This work aims at using different machine learning techniques in detecting anomalies (including hardware failures, sabotage and cyber-attacks) in SCADA water infrastructure.
The dataset used is published here
If you want to cite the paper please use the following format;
@InProceedings{10.1007/978-3-030-12786-2_1,
author="Hindy, Hanan and Brosset, David and Bayne, Ethan and Seeam, Amar and Bellekens, Xavier",
editor="Katsikas, Sokratis K. and Cuppens, Fr{\'e}d{\'e}ric and Cuppens, Nora and Lambrinoudakis, Costas and Ant{\'o}n, Annie and Gritzalis, Stefanos and Mylopoulos, John and Kalloniatis, Christos",
title="Improving SIEM for Critical SCADA Water Infrastructures Using Machine Learning",
booktitle="Computer Security",
year="2019",
publisher="Springer International Publishing",
address="Cham",
pages="3--19"
}
- Logistic Regression
- Gaussian Naive Bayes
- k-Nearest Neighbours
- Support Vector Machine
- Decision Trees
- Random Forests
Clone this repository
run preprocessing.py [dataset log path]
run classification.py [data processed file path]

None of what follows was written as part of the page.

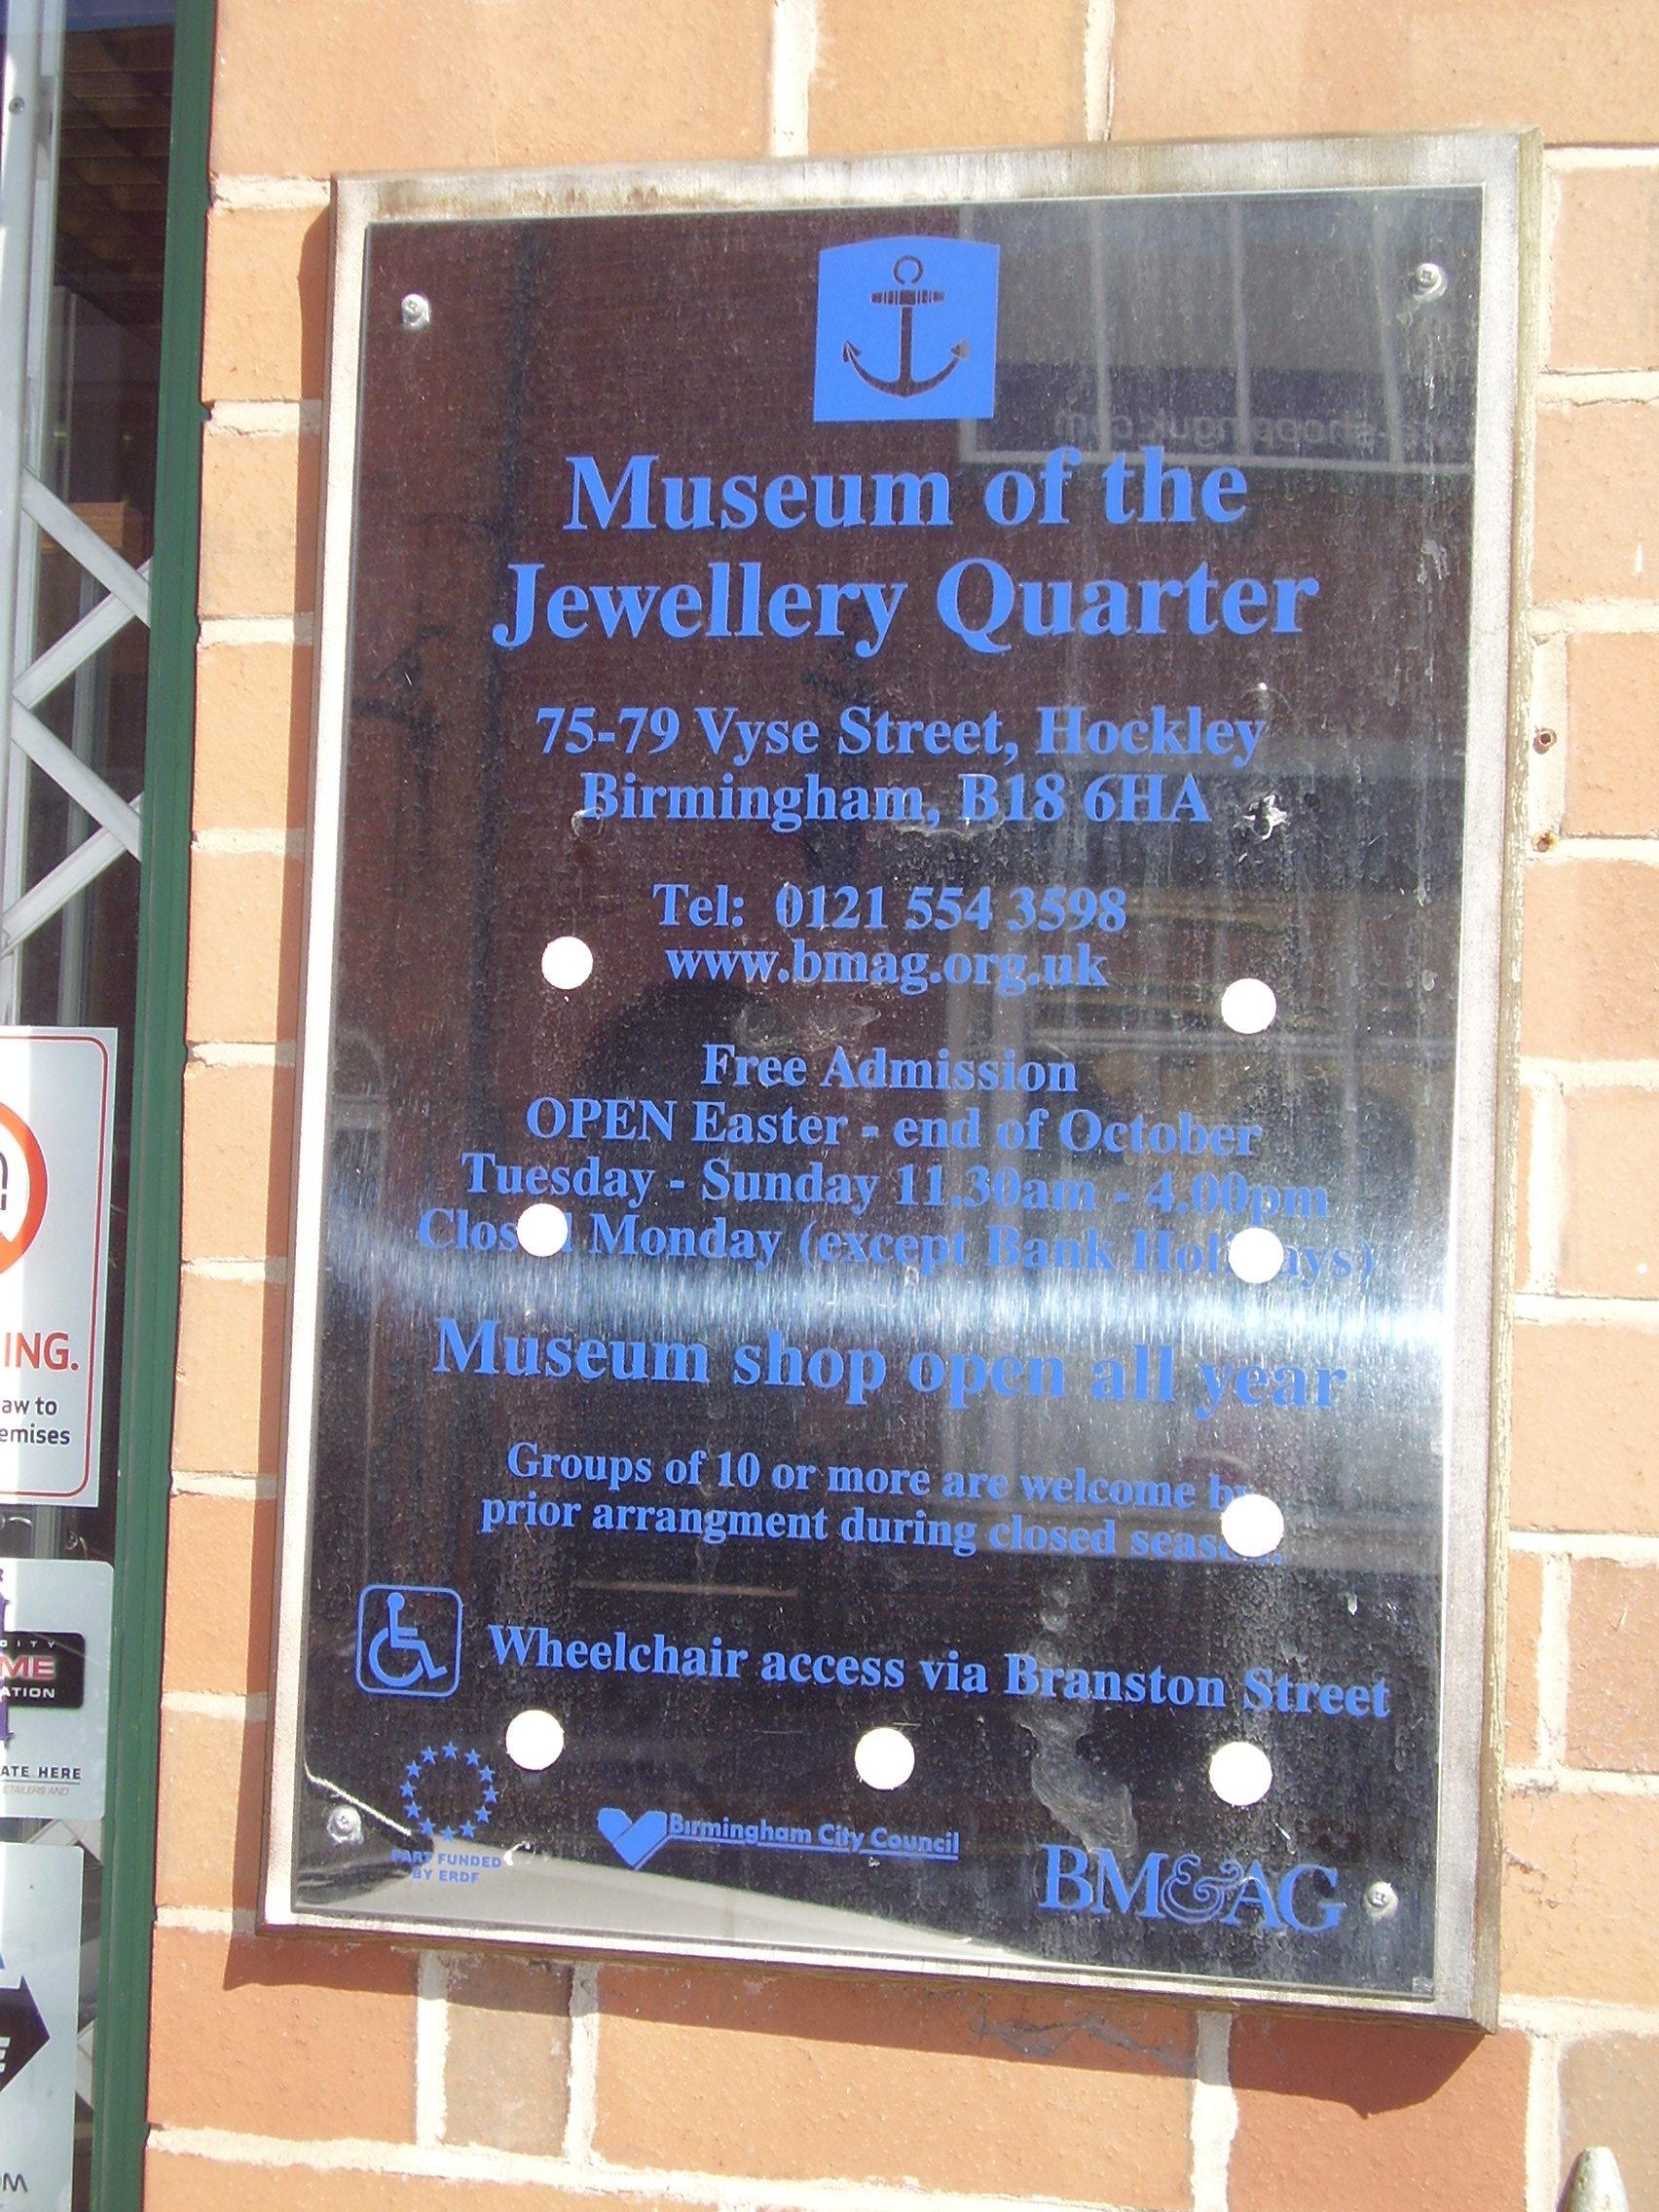 useum of the Jewellery Quarter Silver plaque 75-80 Vyse St, Birmingham B18 6HA, UK 2008

run classification-with-confidence.py [data processed file path]
- The output of preprocessing will be saved in the cloned directory as 'dataset_processed.csv'
- The classification outputs is separated in folders for each output (anomaly, affected component, scenario, etc.). Each folder contains a csv for each algorithm having its confusion matrix and a 'CrossValidation.csv' file with the combined results.